Your assignment: All of the data below should be repeated exactly. Pictures should not be included.

*** Information supplied ***

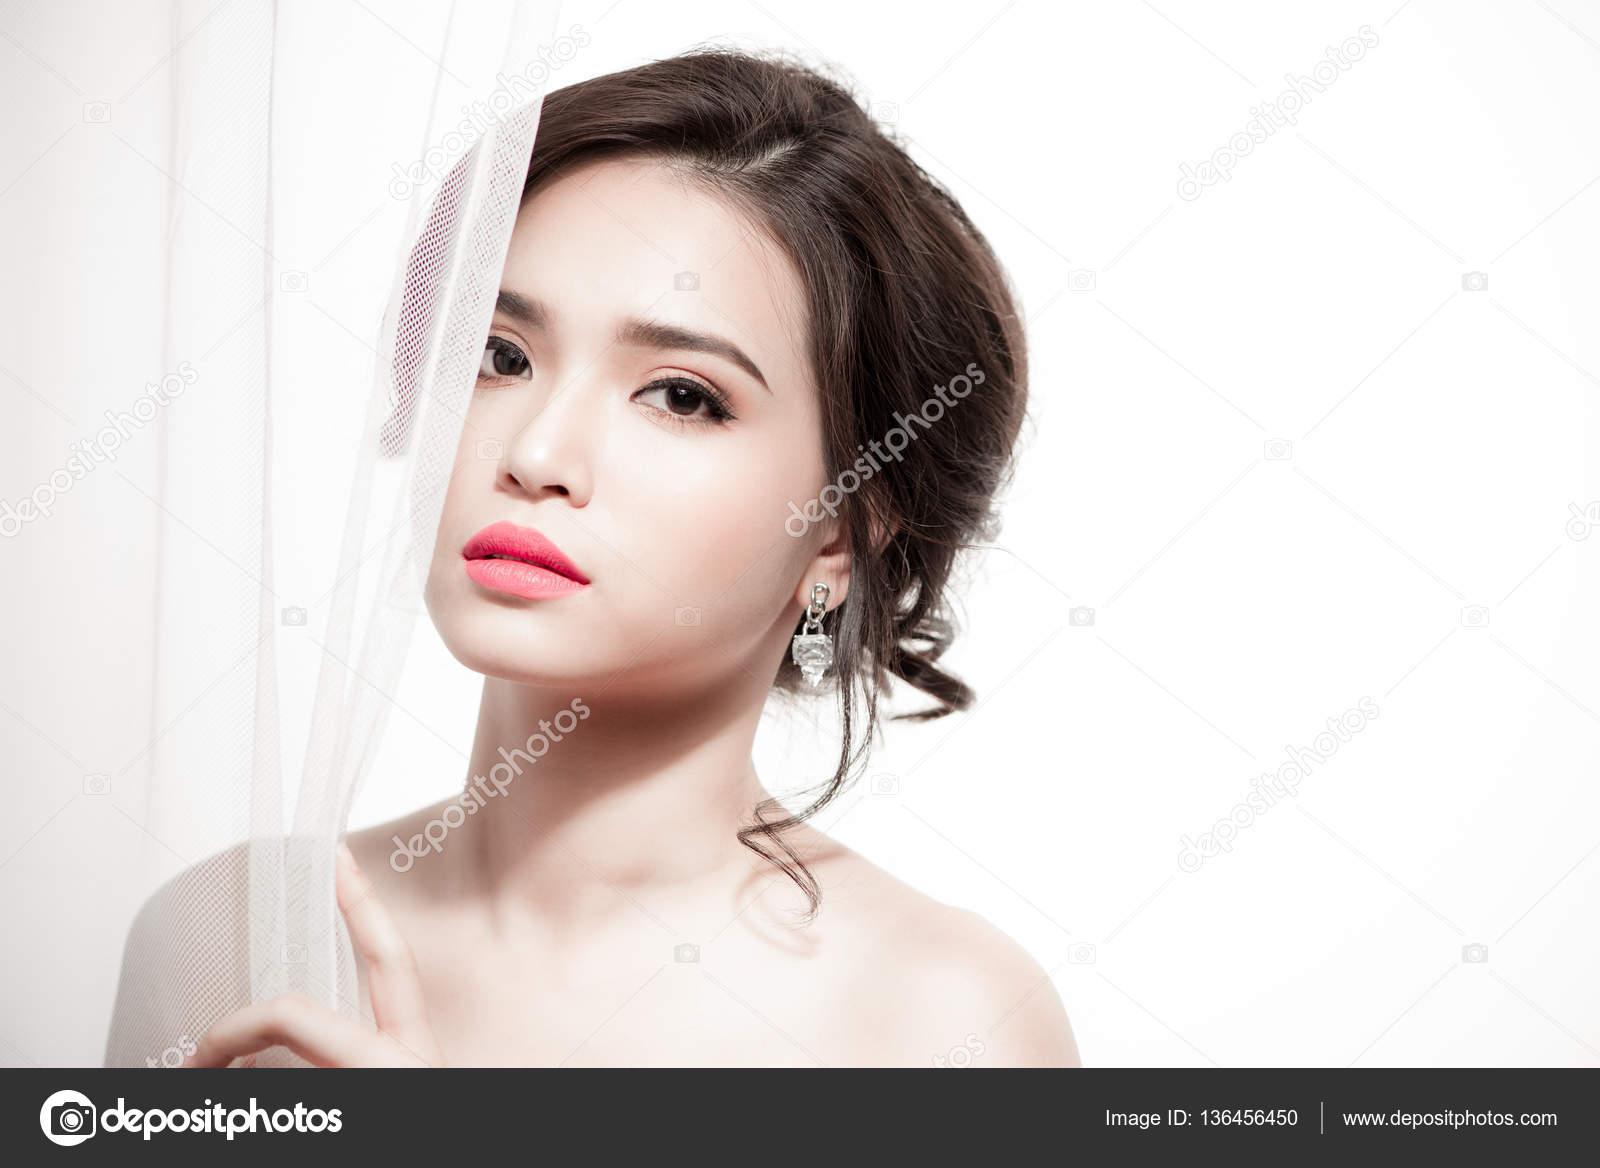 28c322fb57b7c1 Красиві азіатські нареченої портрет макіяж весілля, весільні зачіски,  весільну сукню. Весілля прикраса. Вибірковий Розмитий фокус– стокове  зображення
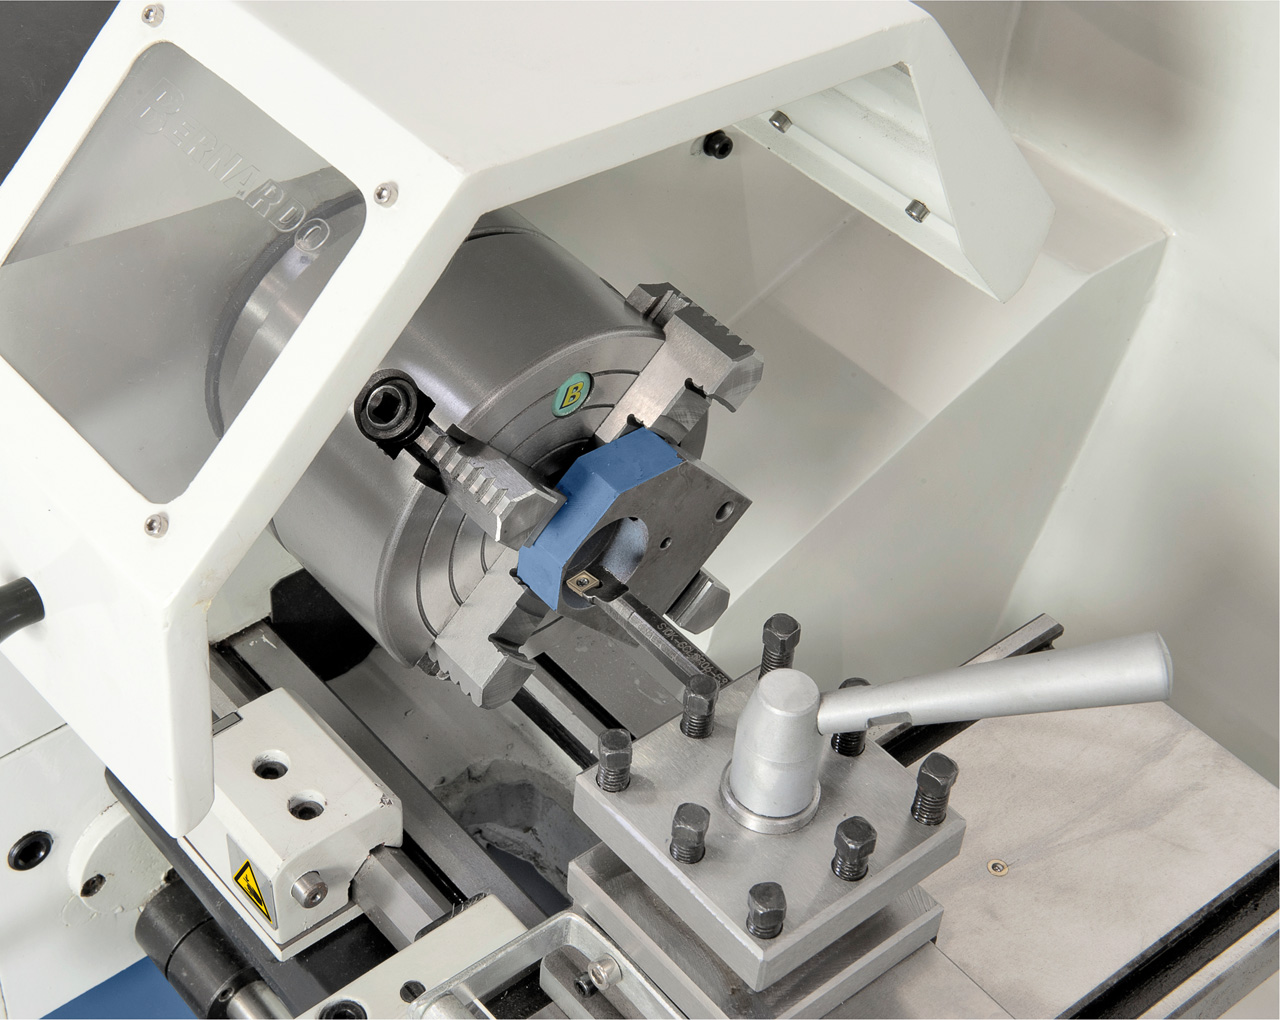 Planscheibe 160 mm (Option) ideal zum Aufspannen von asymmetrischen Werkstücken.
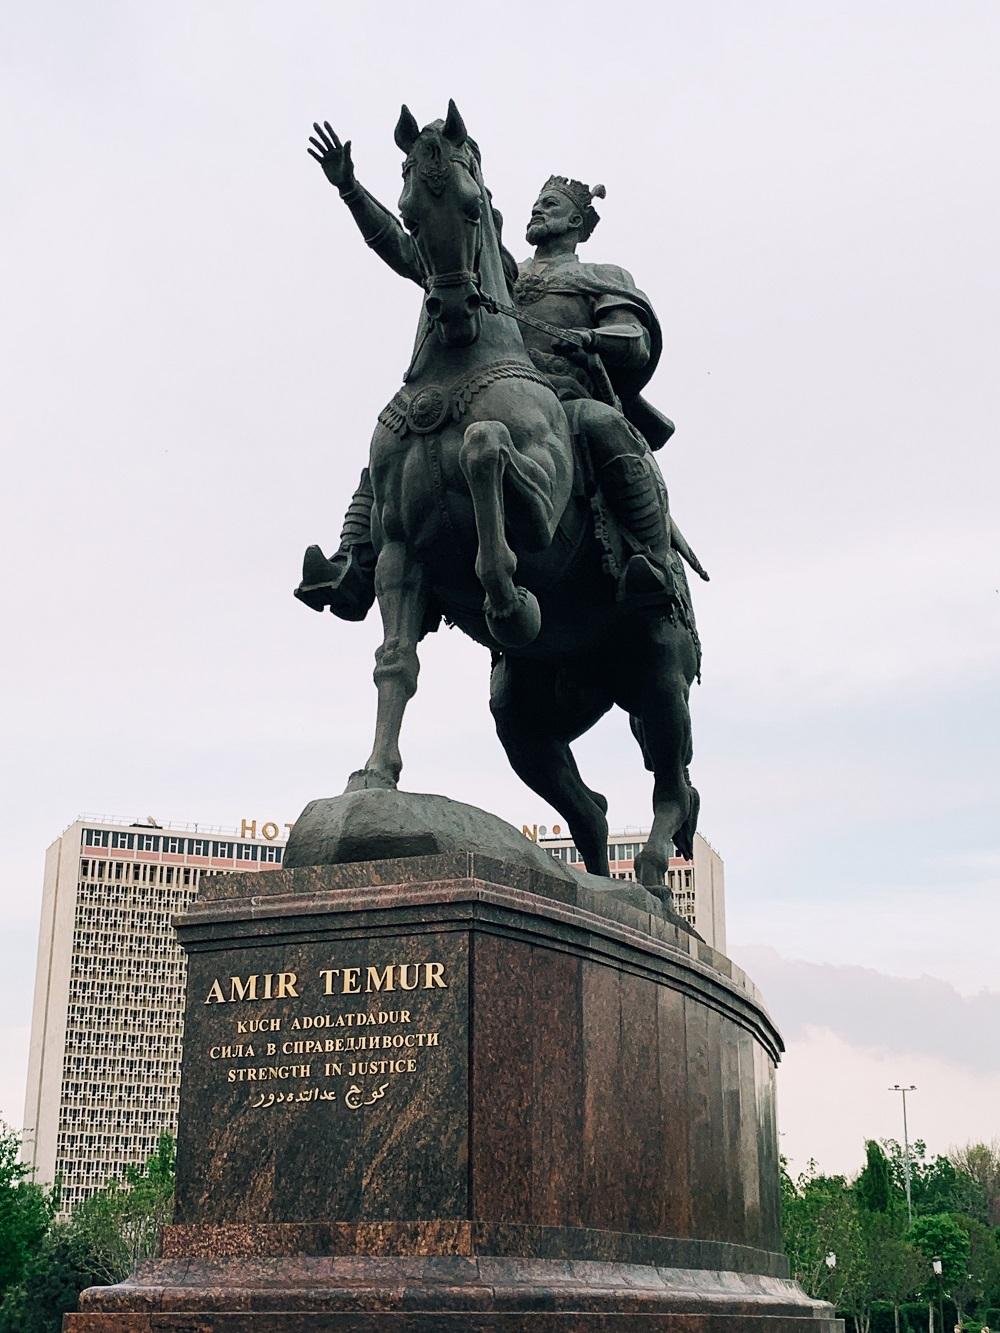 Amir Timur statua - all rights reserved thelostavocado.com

***

Answer below:
 28c322fb57b7c1 Красиві азіатські нареченої портрет макіяж весілля, весільні зачіски,  весільну сукню. Весілля прикраса. Вибірковий Розмитий фокус– стокове  зображення
 Planscheibe 160 mm (Option) ideal zum Aufspannen von asymmetrischen Werkstücken.
 Amir Timur statua - all rights reserved thelostavocado.com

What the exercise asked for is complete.